* **What you will do**: This exercise calls for retyping every line below exactly, with the images omitted.

* **Dataset section**:
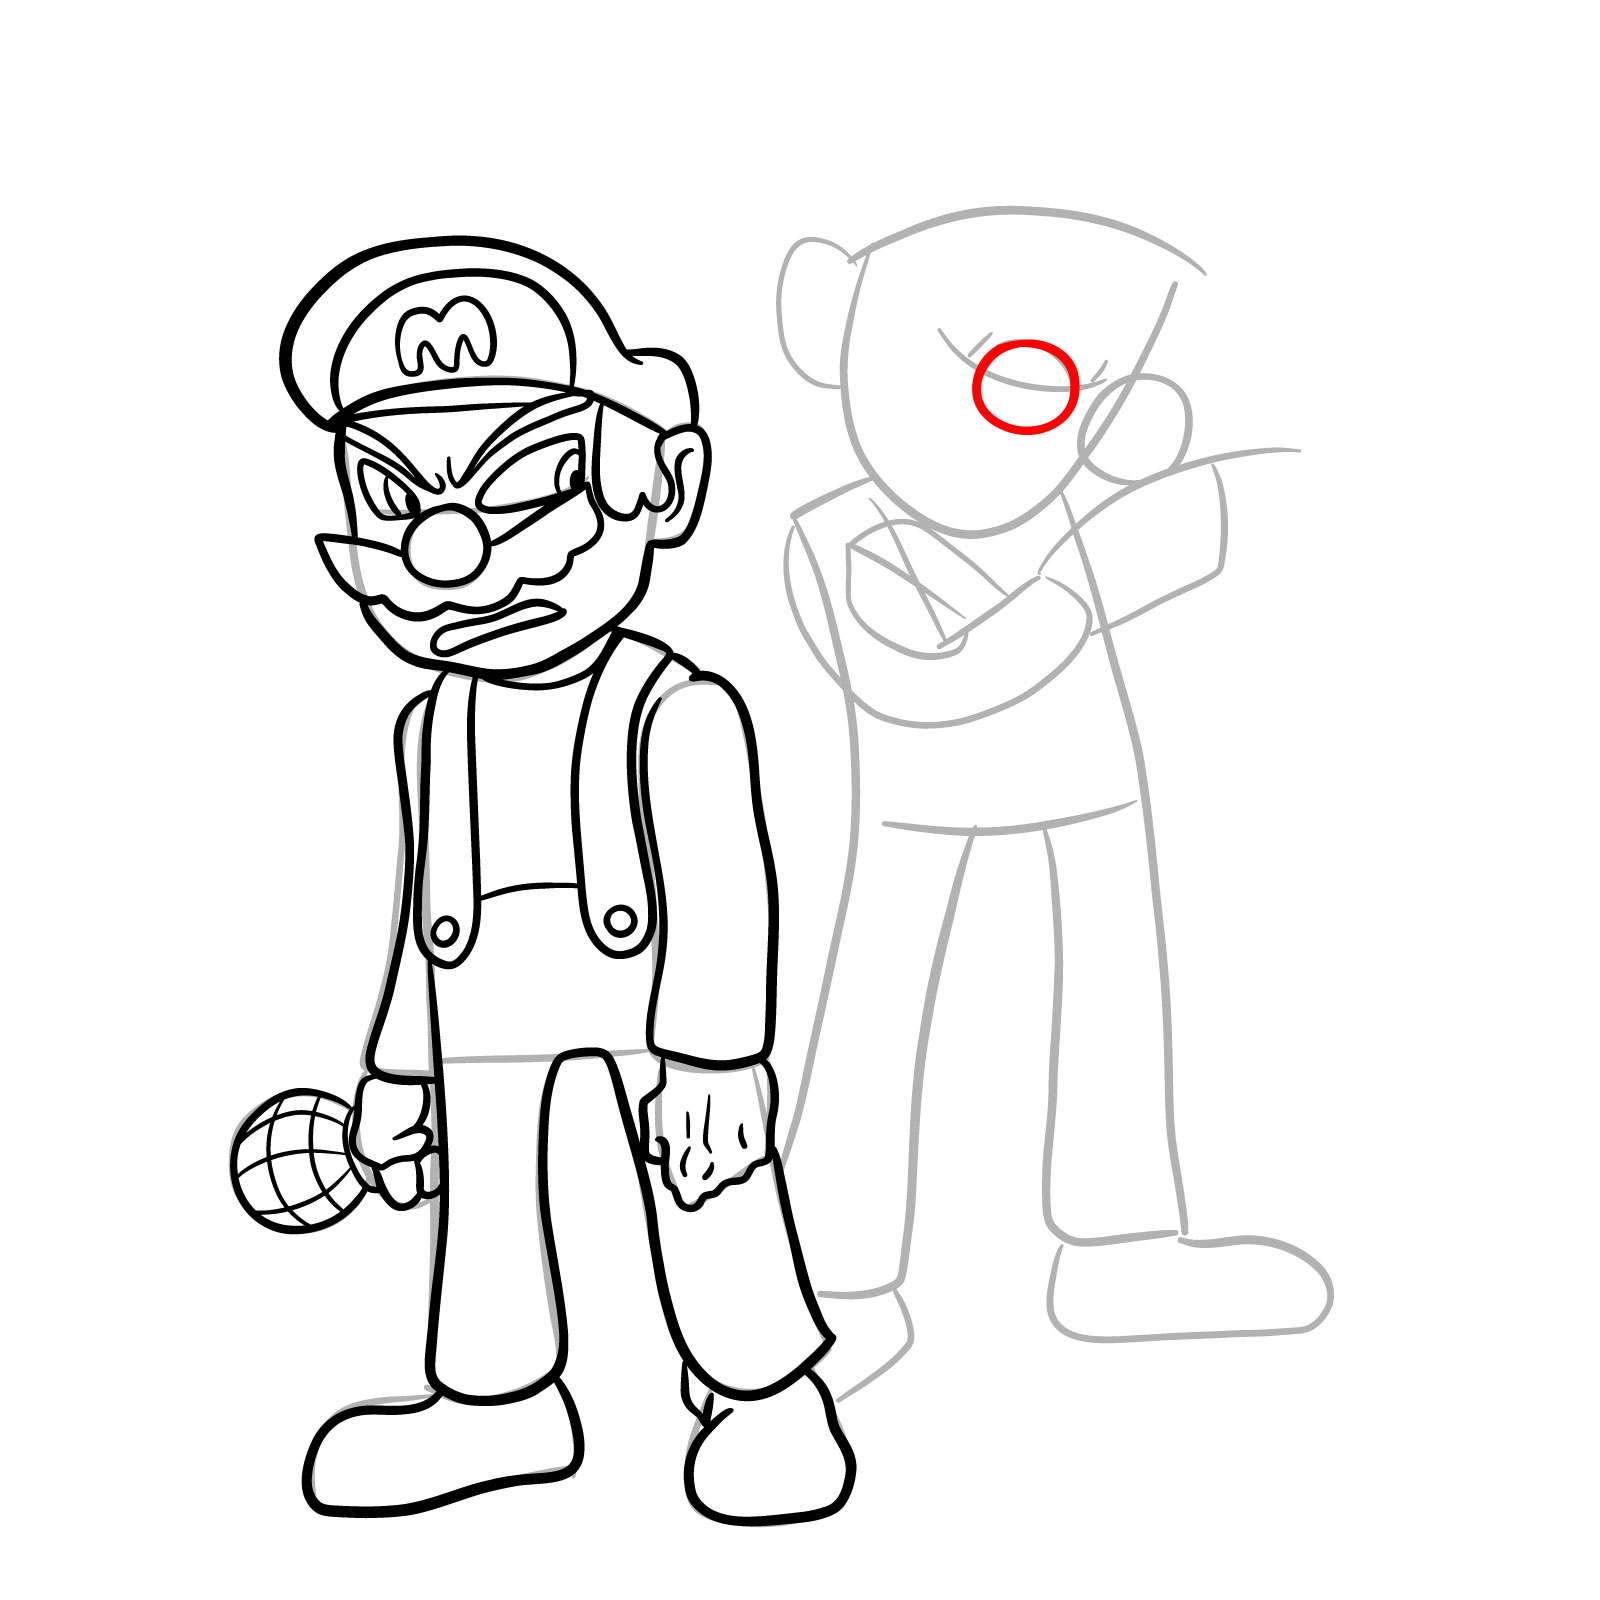 How to draw Mario and Luigi from Tails Gets Trolled - step 23
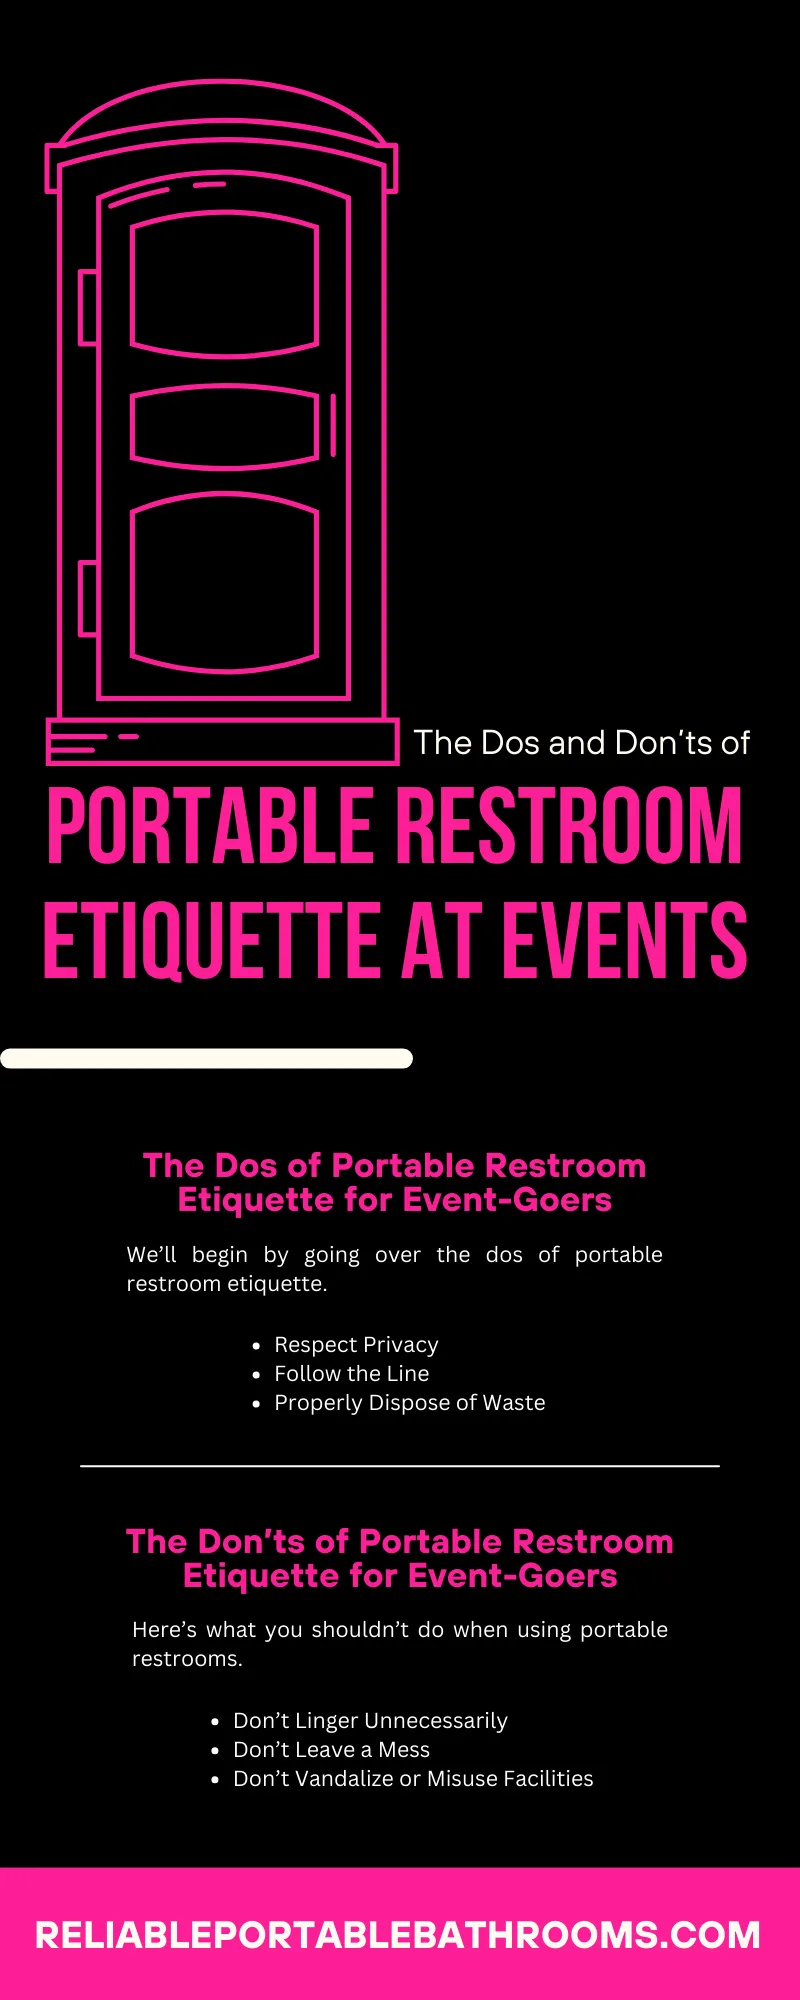 The Dos and Don’ts of Portable Restroom Etiquette at Events
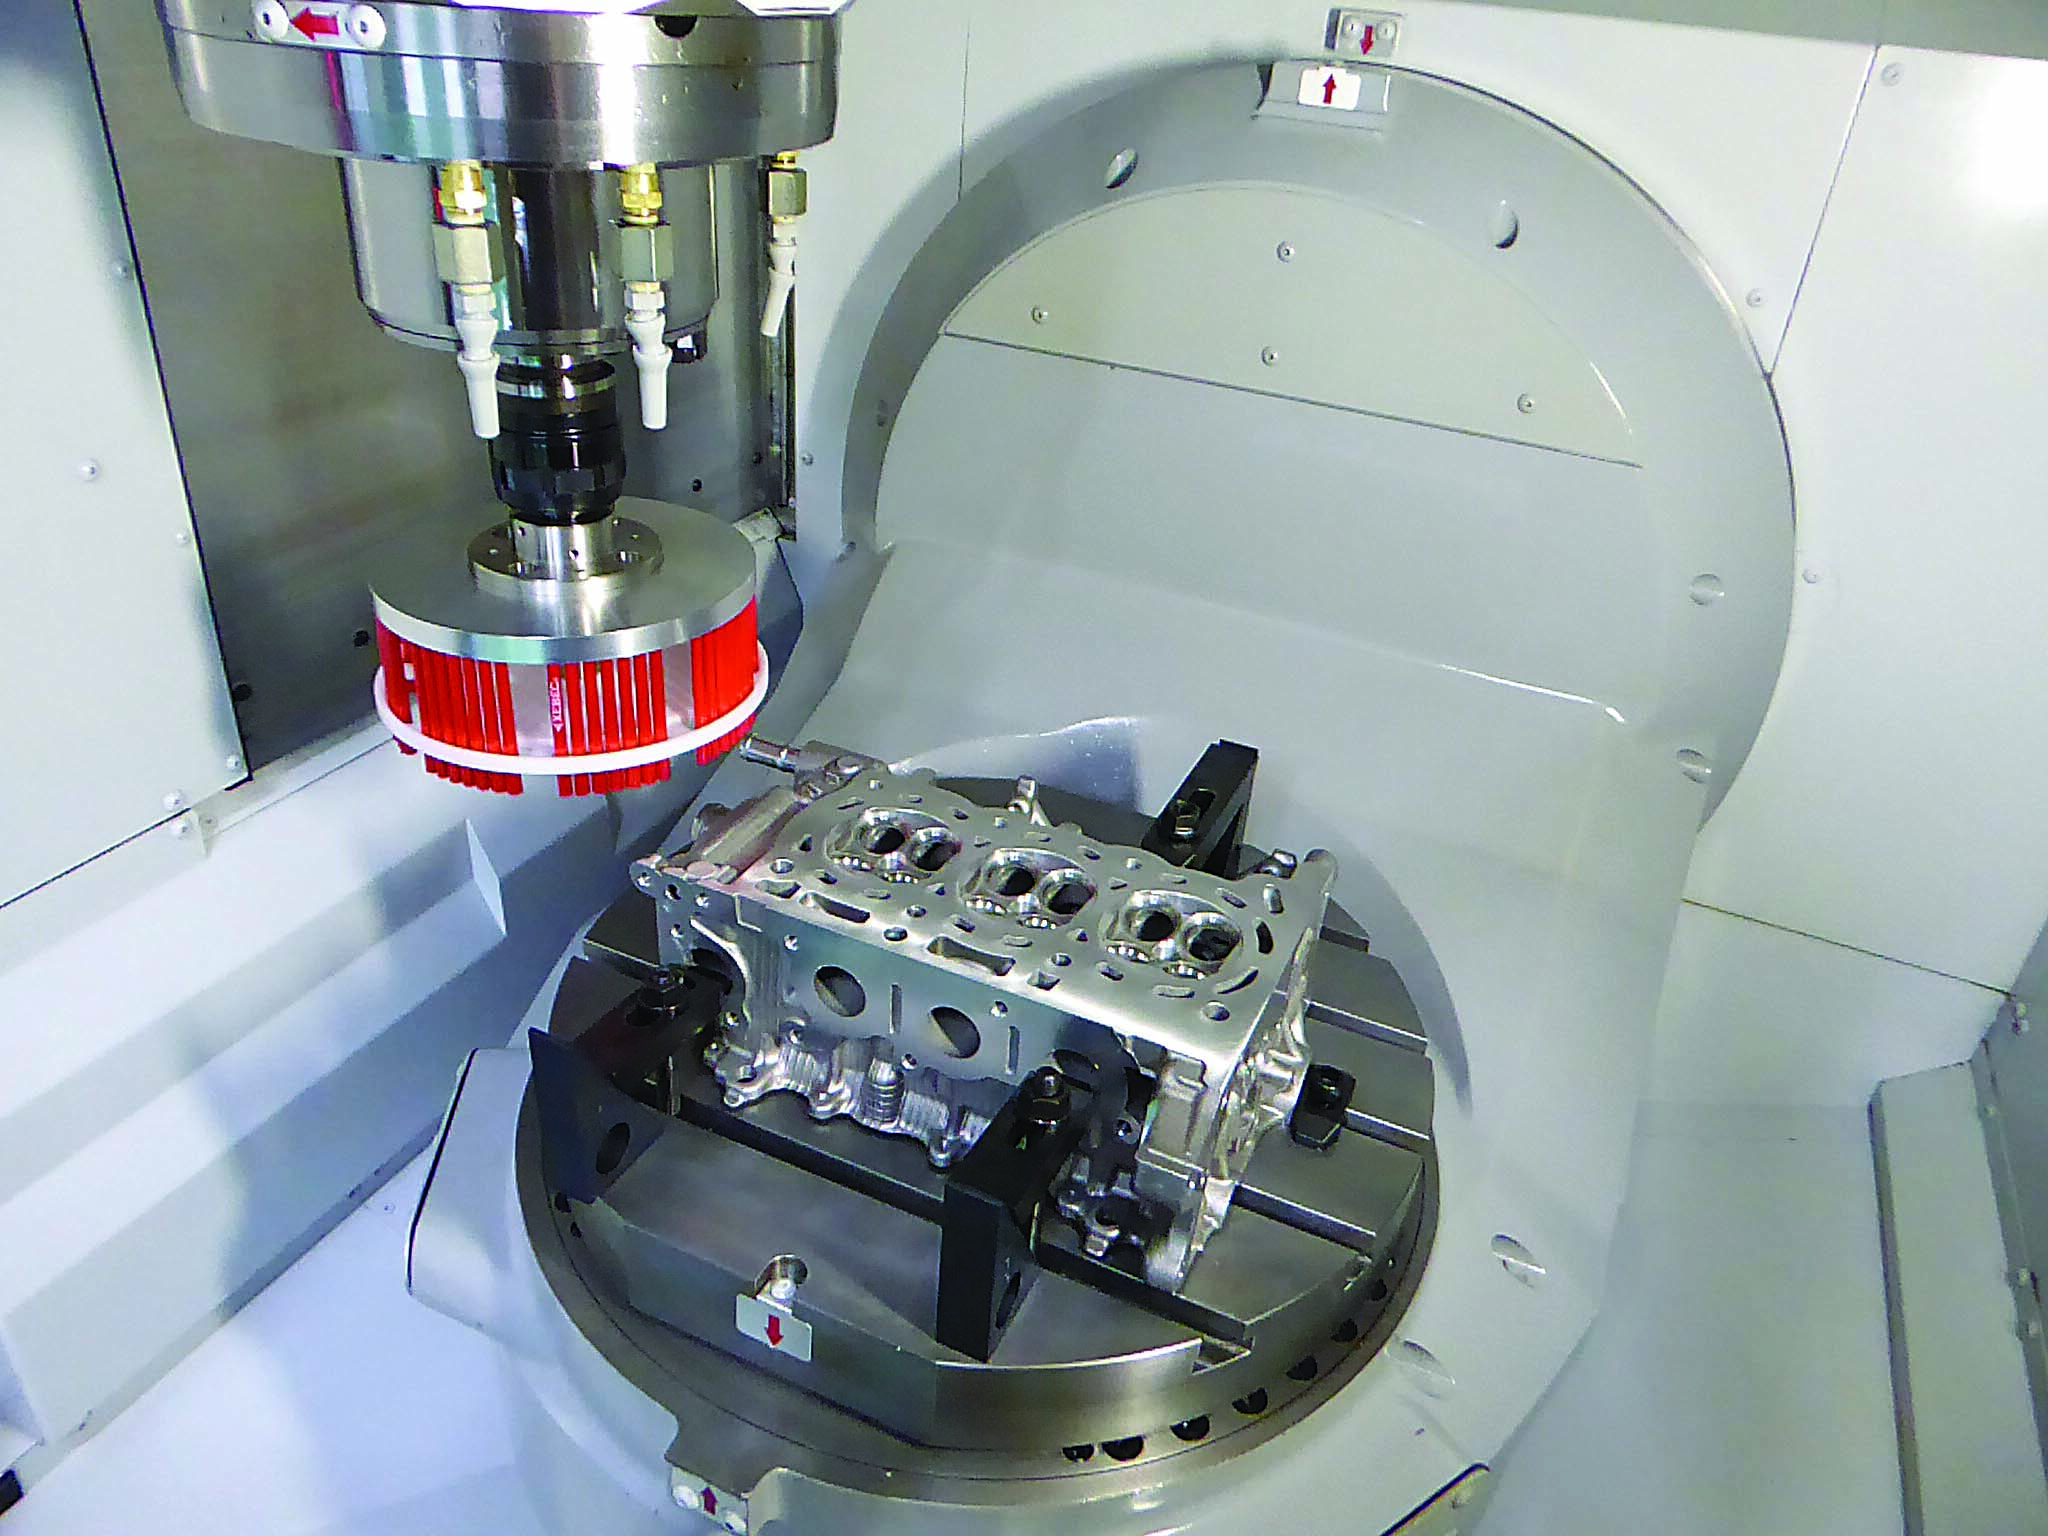 Automated surface deburring and finishing are performed on an engine block in a CNC using a ceramic fiber brush.

* **Response to the exercise**:
 How to draw Mario and Luigi from Tails Gets Trolled - step 23
 The Dos and Don’ts of Portable Restroom Etiquette at Events
 Automated surface deburring and finishing are performed on an engine block in a CNC using a ceramic fiber brush.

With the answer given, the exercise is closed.